> _DATA BELOW_

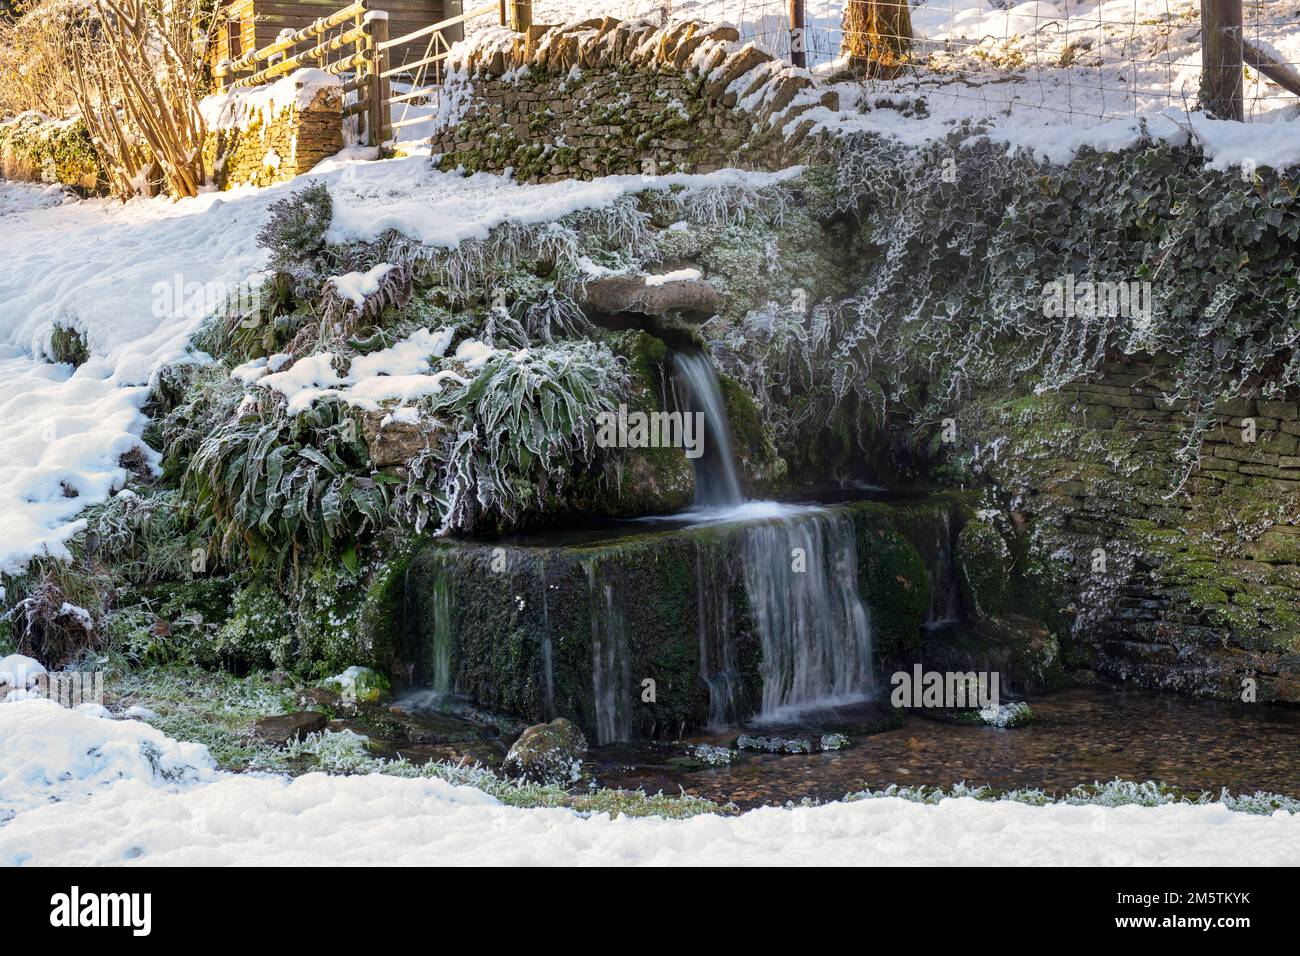 Neige d'hiver sur le bec d'eau de source de crocodile de pierre dans le village de cotswold de Compton Abdale. Cotswolds, Gloucestershire, Angleterre Banque D'Images
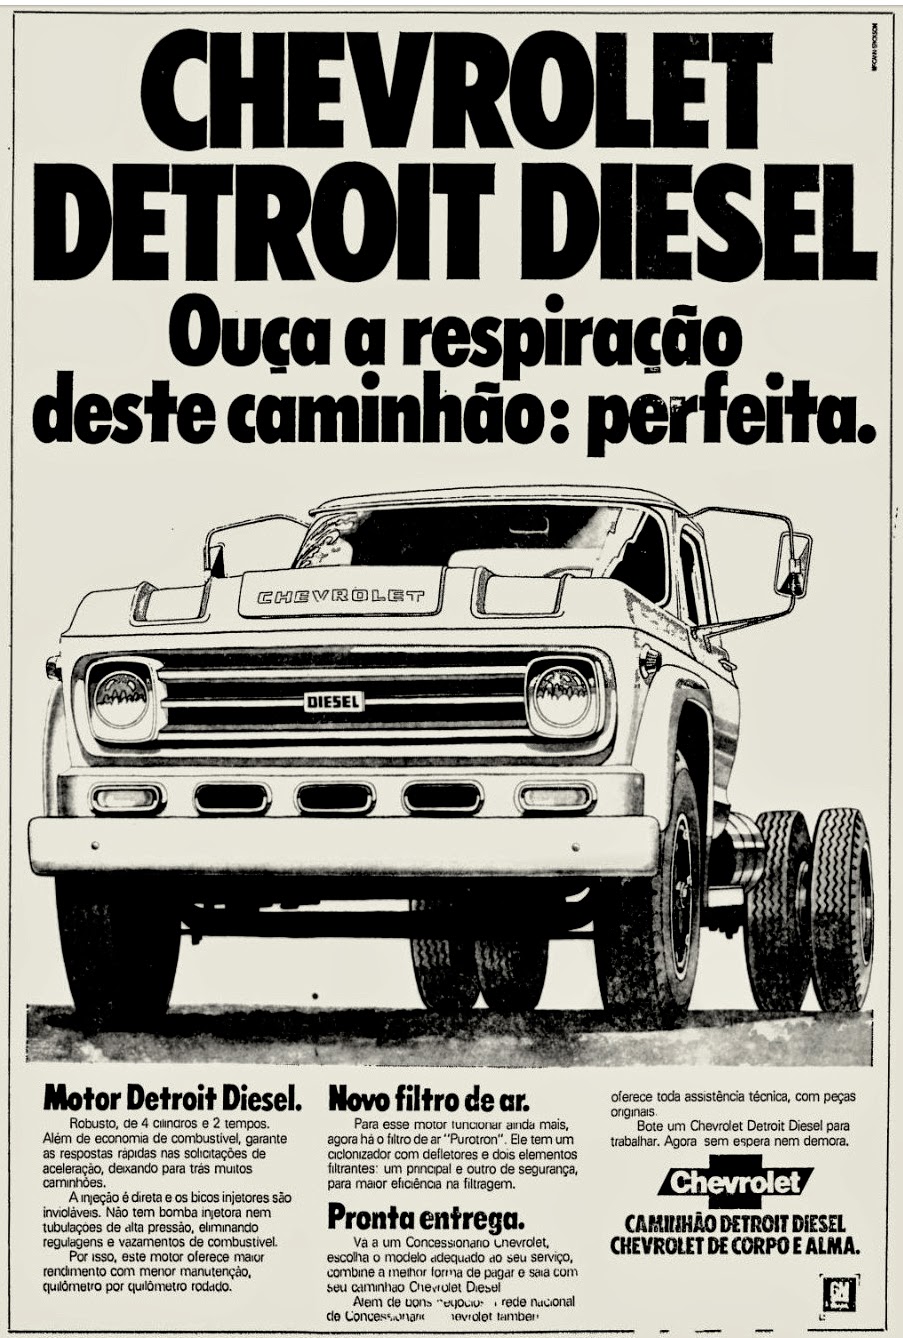  Chevrolet . reclame de carros anos 70. brazilian advertising cars in the 70. os anos 70. história da década de 70; Brazil in the 70s; propaganda carros anos 70; Oswaldo Hernandez;
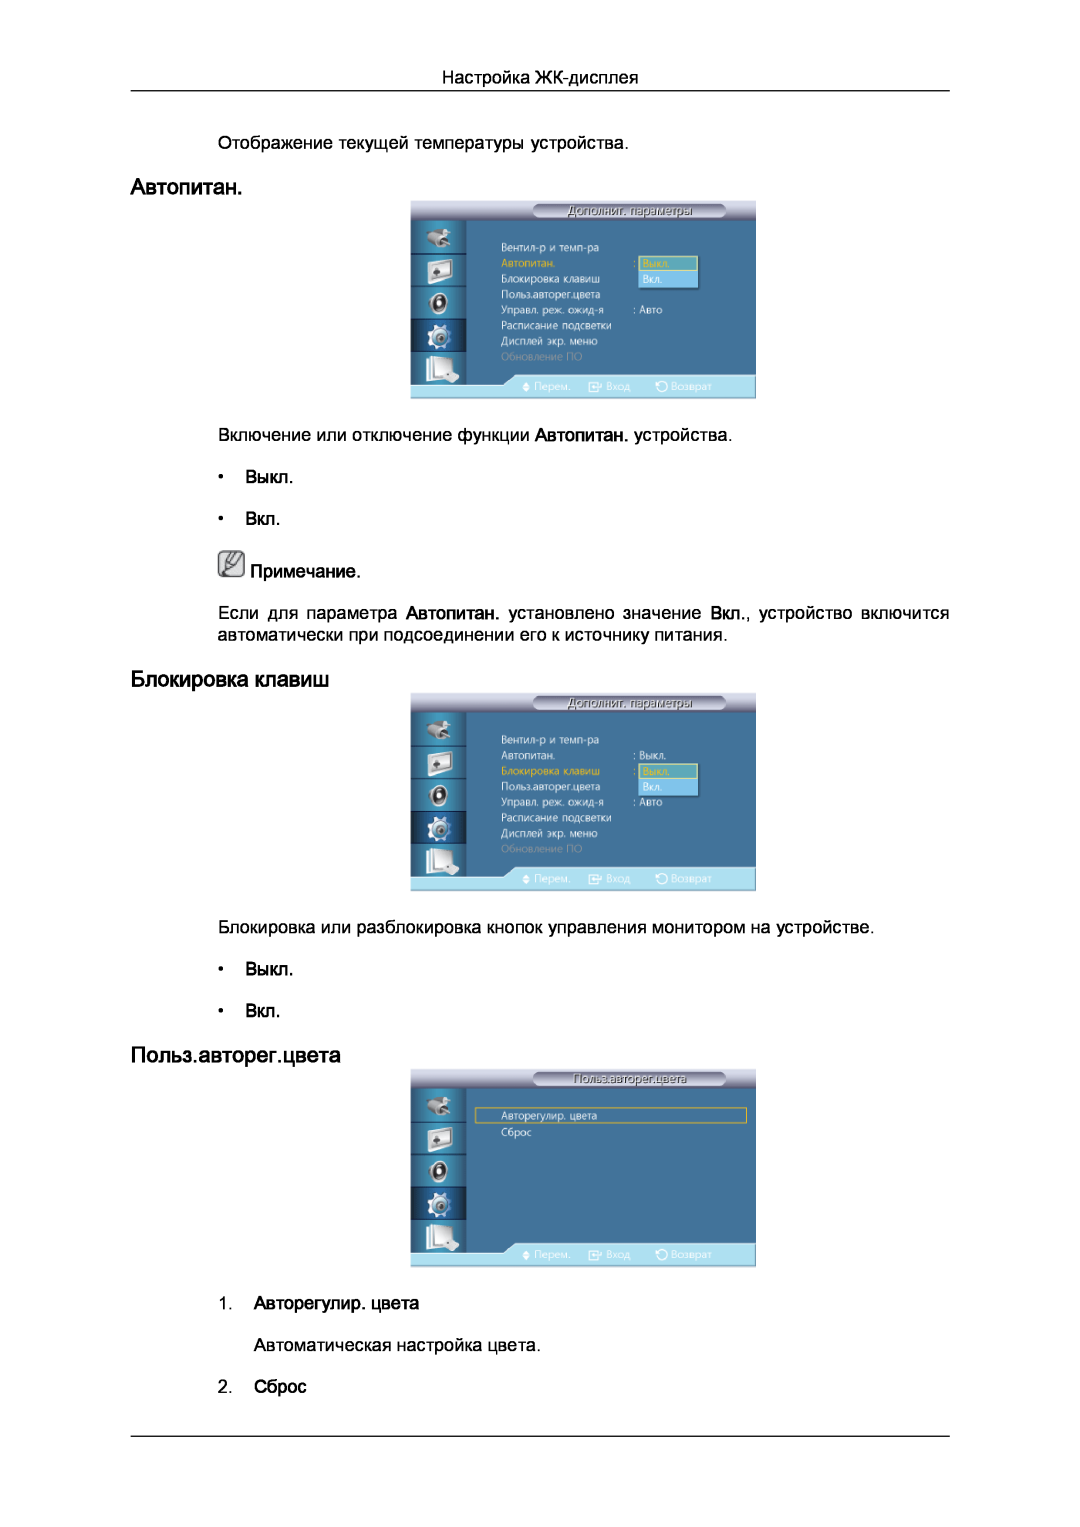 Samsung LH32CRSMBD/EN, LH32CRTMBC/EN manual Автопитан, Блокировка клавиш, Польз.авторег.цвета, Выкл Вкл Примечание 
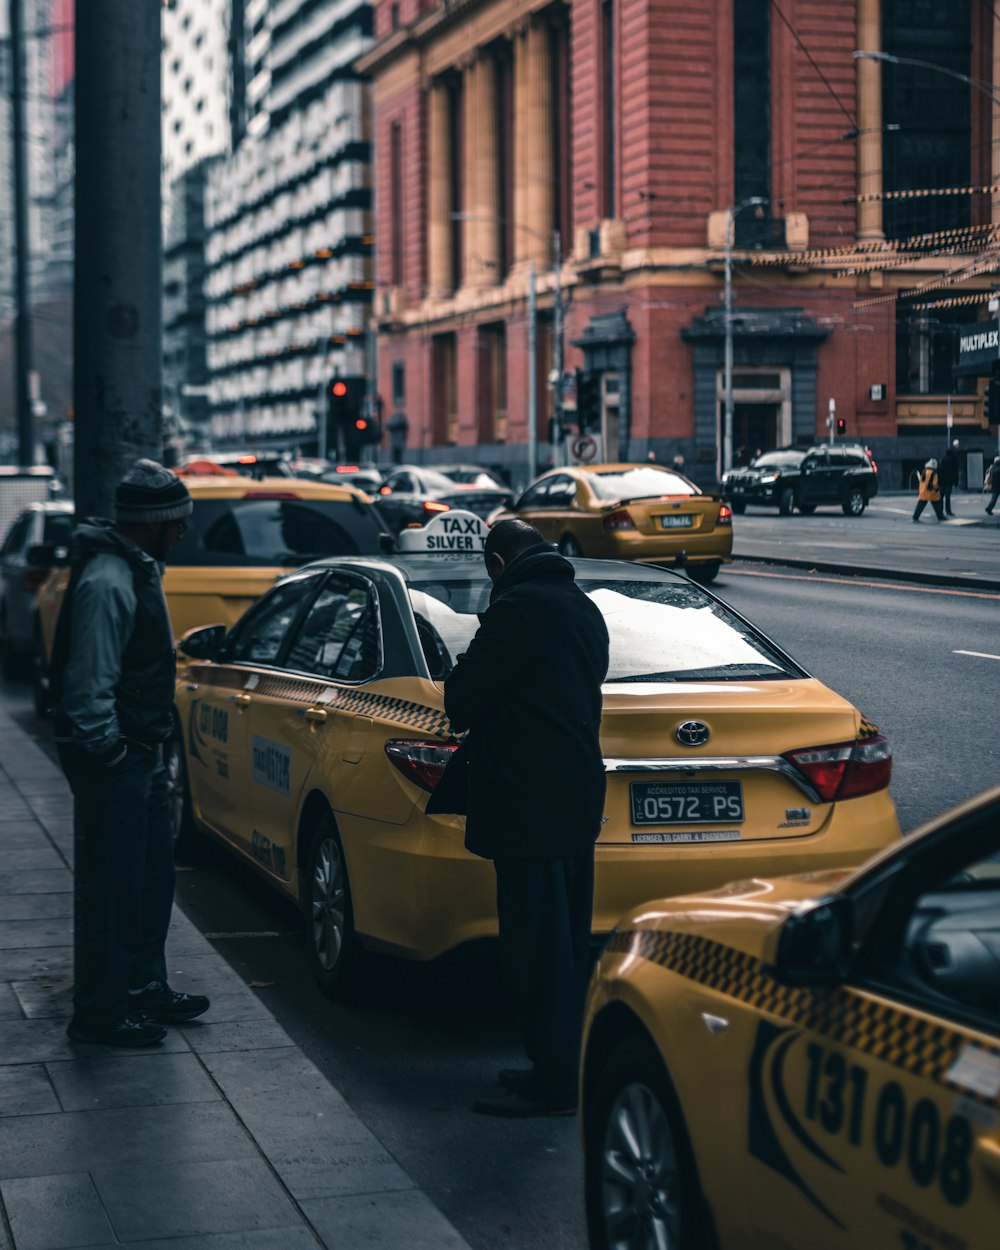 검은 트렌치 코트를 입은 사람이 노란색 택시에 서 있습니다.

> _ABOUT THIS EXERCISE_
Write out exactly, with no pictures, each line from the one containing "Chevrolet . reclame" through the last line of the listing above, both included.

> _ANSWER SECTION_
  Chevrolet . reclame de carros anos 70. brazilian advertising cars in the 70. os anos 70. história da década de 70; Brazil in the 70s; propaganda carros anos 70; Oswaldo Hernandez;
 Samsung LH32CRSMBD/EN, LH32CRTMBC/EN manual Автопитан, Блокировка клавиш, Польз.авторег.цвета, Выкл Вкл Примечание 
 검은 트렌치 코트를 입은 사람이 노란색 택시에 서 있습니다.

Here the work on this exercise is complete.